In short, I don’t see myself doing it anytime soon.
Fortunately, I’m lucky enough that I not only have an affordable room in a shared house, but I also have two roommates who are willing to split the cost of all expenses — food included. This keeps my cost of living relatively low, and it’s also just nice. I love living in a family-style way where we cook for one another (or together!), take turns grocery shopping, and decrease the amount of food waste we produce too. Especially right now, lessening all possible burdens in my life is a priority, plus living communally just makes me feel good.
That being said, while my living situation is pretty idea majority of the time, I’m also aware of the conflicts that often arise as a result of intertwining your space and your money. Roommate disagreements are pretty much inevitable, and with many of us spending most of our time at home right now, tensions can heighten quicker than ever. That’s why it’s important to set up systems when sharing costs with housemates, ensuring that everyone is on the same page. Whether you’re looking to start splitting expenses with your current roomies or establish some boundaries with new ones, here’s how to have a clear line of communication and divide your costs fairly.
Talk It Out
Communication is key in all relationships, not just romantic ones. At TFD, we definitely believe that you should talk about money. While this may be uncomfortable at first, it gets easier the more you do it.
When deciding to split costs with your roommates, I recommend having an initial house meeting. During this discussion, you’ll want to cover the following:
- A list of all expenses: Go through each bill and expense, and write them down in a document that everyone can refer to, in the event that there is any confusion later. Also, it’s great for record-keeping too!
- Your fixed costs: Some expenses will be consistent, such as the internet bill for example. You can take this chance to make note of those, and when they will be incurred (monthly, bi-weekly, etc.)
- Discuss your rent: Is there a huge difference in the room sizes in your house or apartment? If so, you might want to adjust your contributions accordingly. I’ve lived in houses where we all pay the same no price matter what, and others where the person with the larger room pays more in rent than those with smaller rooms. I don’t think there’s a right or wrong way to do this, but a transparent discussion will ensure everyone is comfortable and treated fairly.

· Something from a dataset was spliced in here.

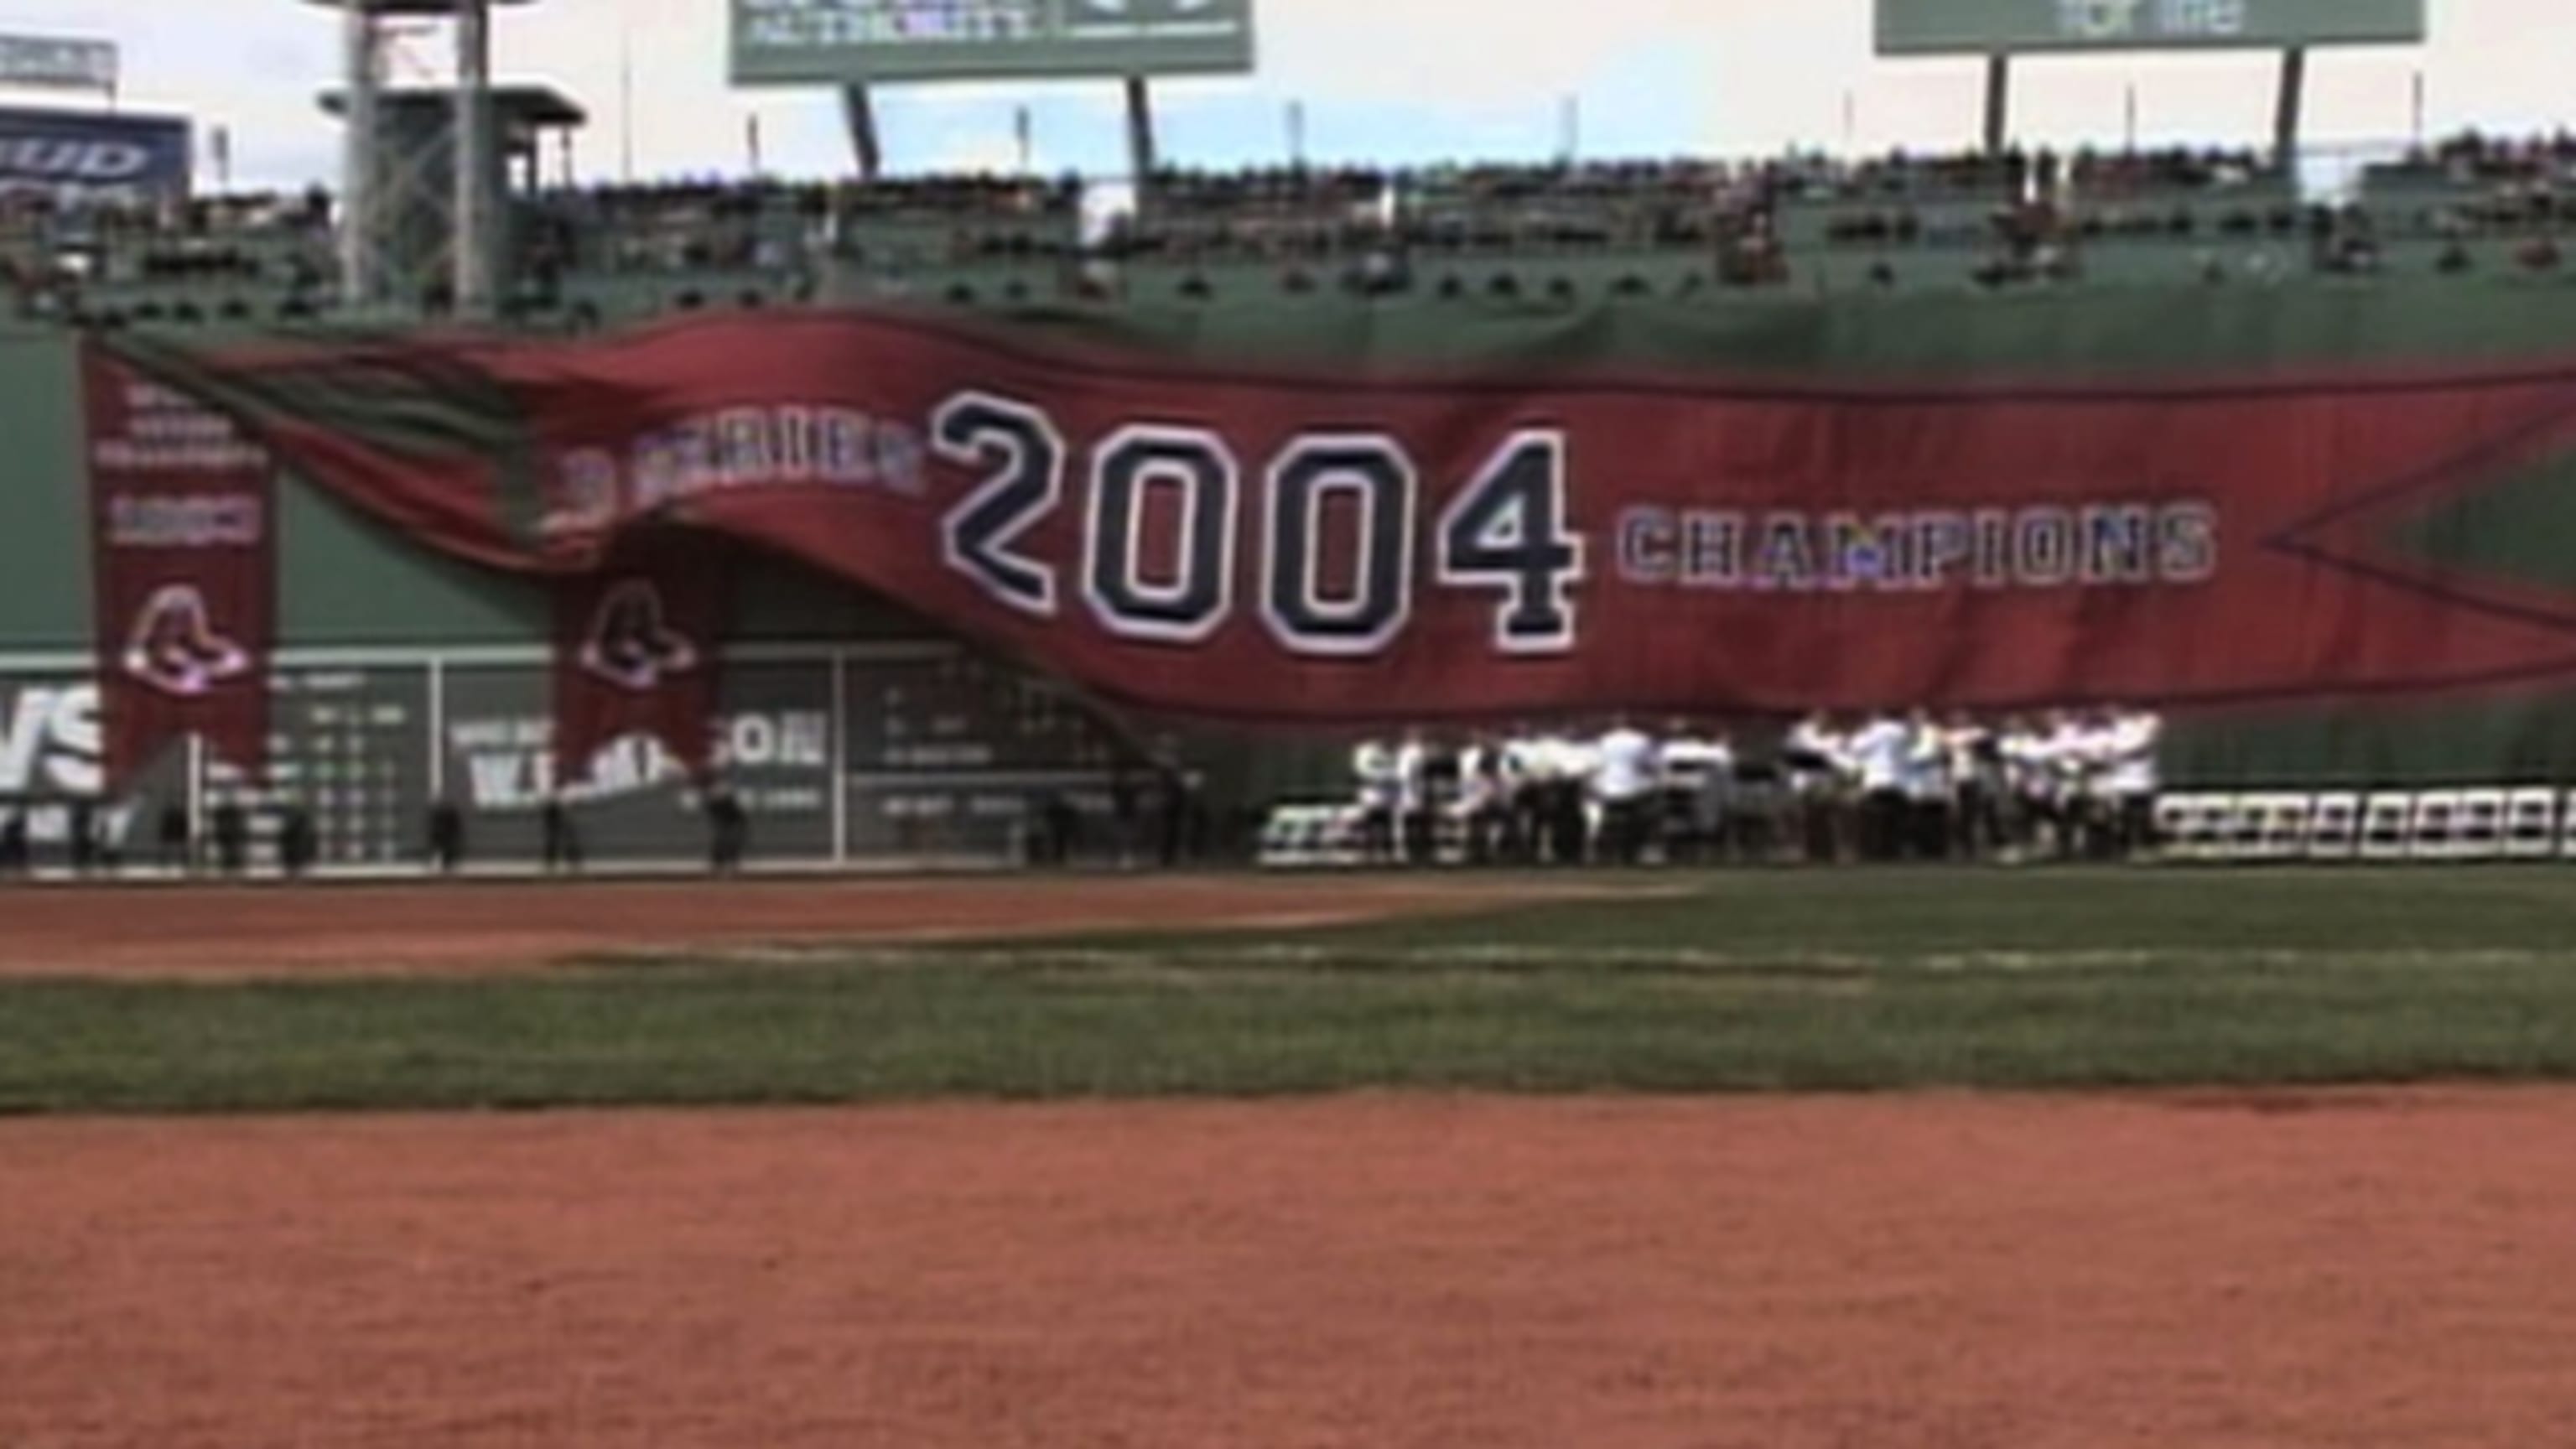 Boston Red Sox World Series Champions Banners Black and White Ph T

- Your respective budgets: If you are splitting groceries with your roommates, you should absolutely communicate your budgets beforehand. While one of you might be willing to spend $200 a week on food, the other may only want to spend $60. Make sure you come to an understanding of this if you are going to move forward with splitting groceries. There might be alternative solutions too, like maybe the person with a higher budget can purchase extra food just for themselves. If you can’t agree, maybe this is not something you can split (and that’s okay too!)
Decide On A System
Once you’ve decided on how you’ll be splitting your costs, consider how exactly you’ll track your expenses. This can be a pain to keep up with, but luckily there is technology that can help you and your housemates separate costs painlessly. Here are a few options:
- Use an app: Not a math lover? Me neither. I typically opt for automated calculations where possible, and financial apps make this possible. My roommates and I use Splitwise — it’s super easy to use, and it’s free! All of our OUIs are consolidated in one place, and it allows us to keep a running tab of who-owes-who money. We also like the ‘Simplify Debts’ feature, which, according to Splitwise, “restructures debt within groups and across friendships. It does not change the total amount that anyone owes, but it makes it easier to pay people back by minimizing the total number of payments.”

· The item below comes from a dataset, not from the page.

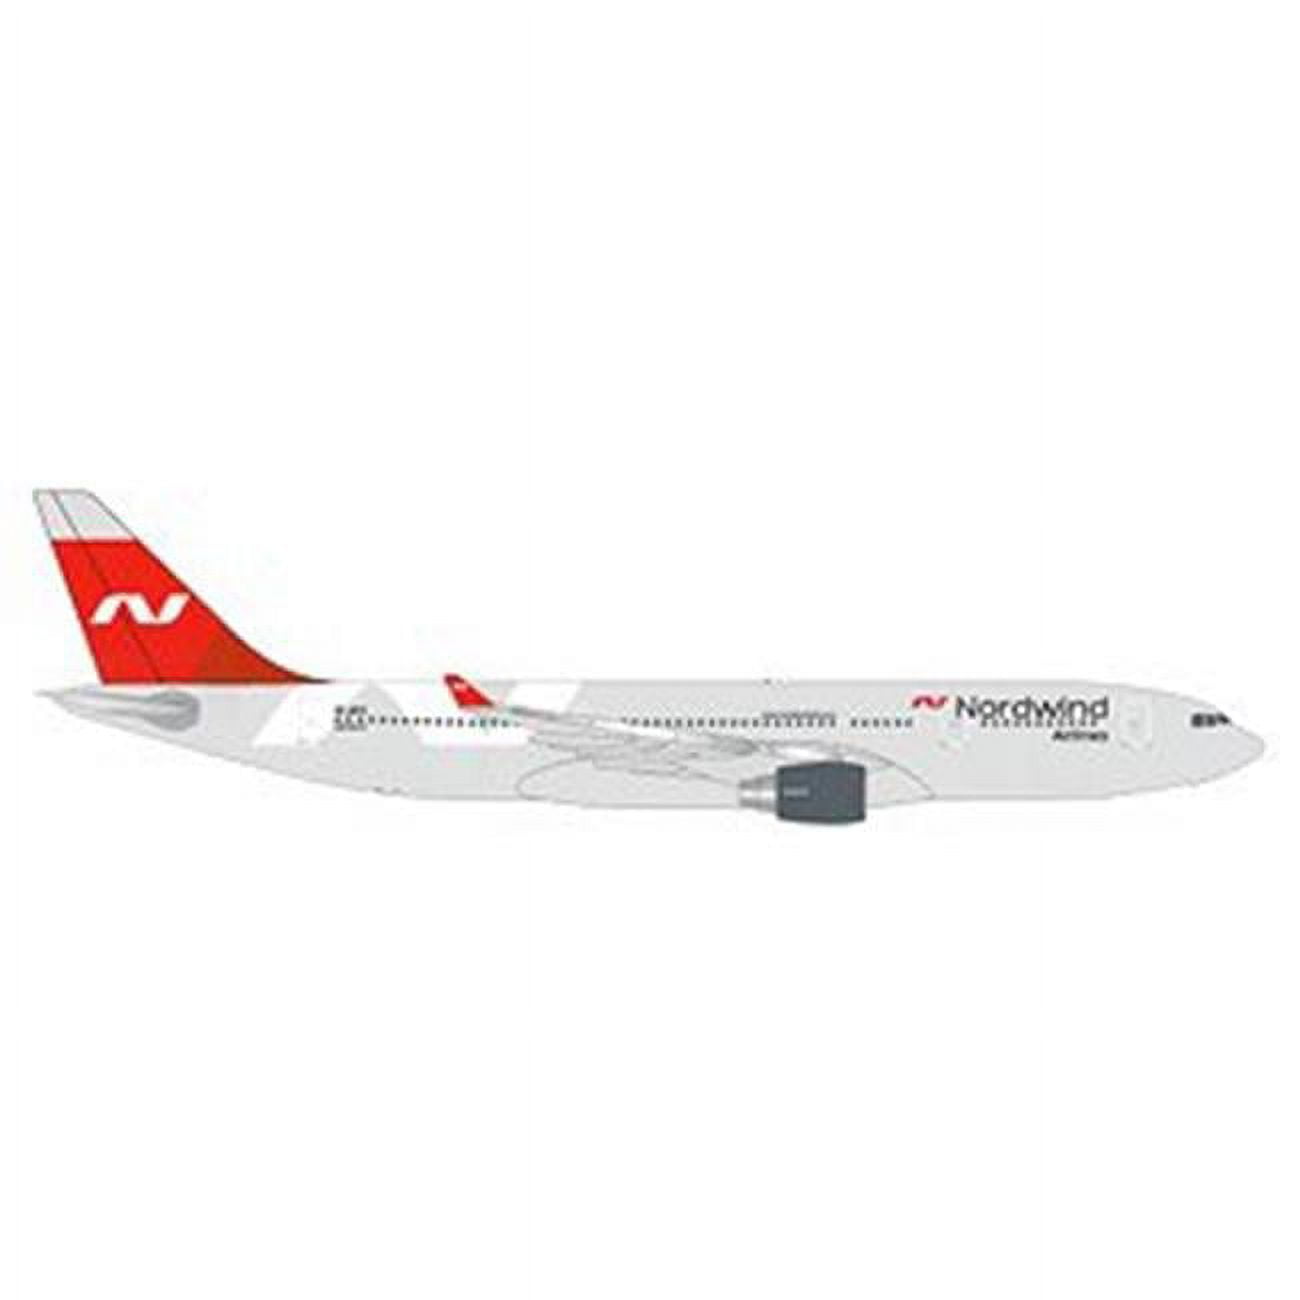 Herpa Wings HE531771 1-500 Nordwind Airlines Airbus A330-200 Pre-built Aircraft -  IGZU

- Share a spreadsheet: If you’re someone that likes flexibility, the spreadsheet option may be for you. Of course, while a spreadsheet is completely customizable and you can tailor it to your exact needs, you’ll need a little patience and dedication, especially when inputting Excel formulas to automate totals. Luckily, we’ve written some tips on how to make spreadsheets be your friend both here and here.
And alas, the final step to achieving financial harmony amongst roomies is deciding when you’ll all settle up. For example, if you pay your rent at the end of the month, this might also be a good time to clear up any debt. Either way, ensure you and your roommates have agreed on when you will do this, so you don’t end up owing an unexpected amount in three months. I’d also encourage each person involved to input expenses in an ongoing way; it’s in everyone’s best interest that there are no surprises.
Do you share expenses with roommates, or maybe a partner? How do you organize your expenses and avoid conflict? Let us know in the comments!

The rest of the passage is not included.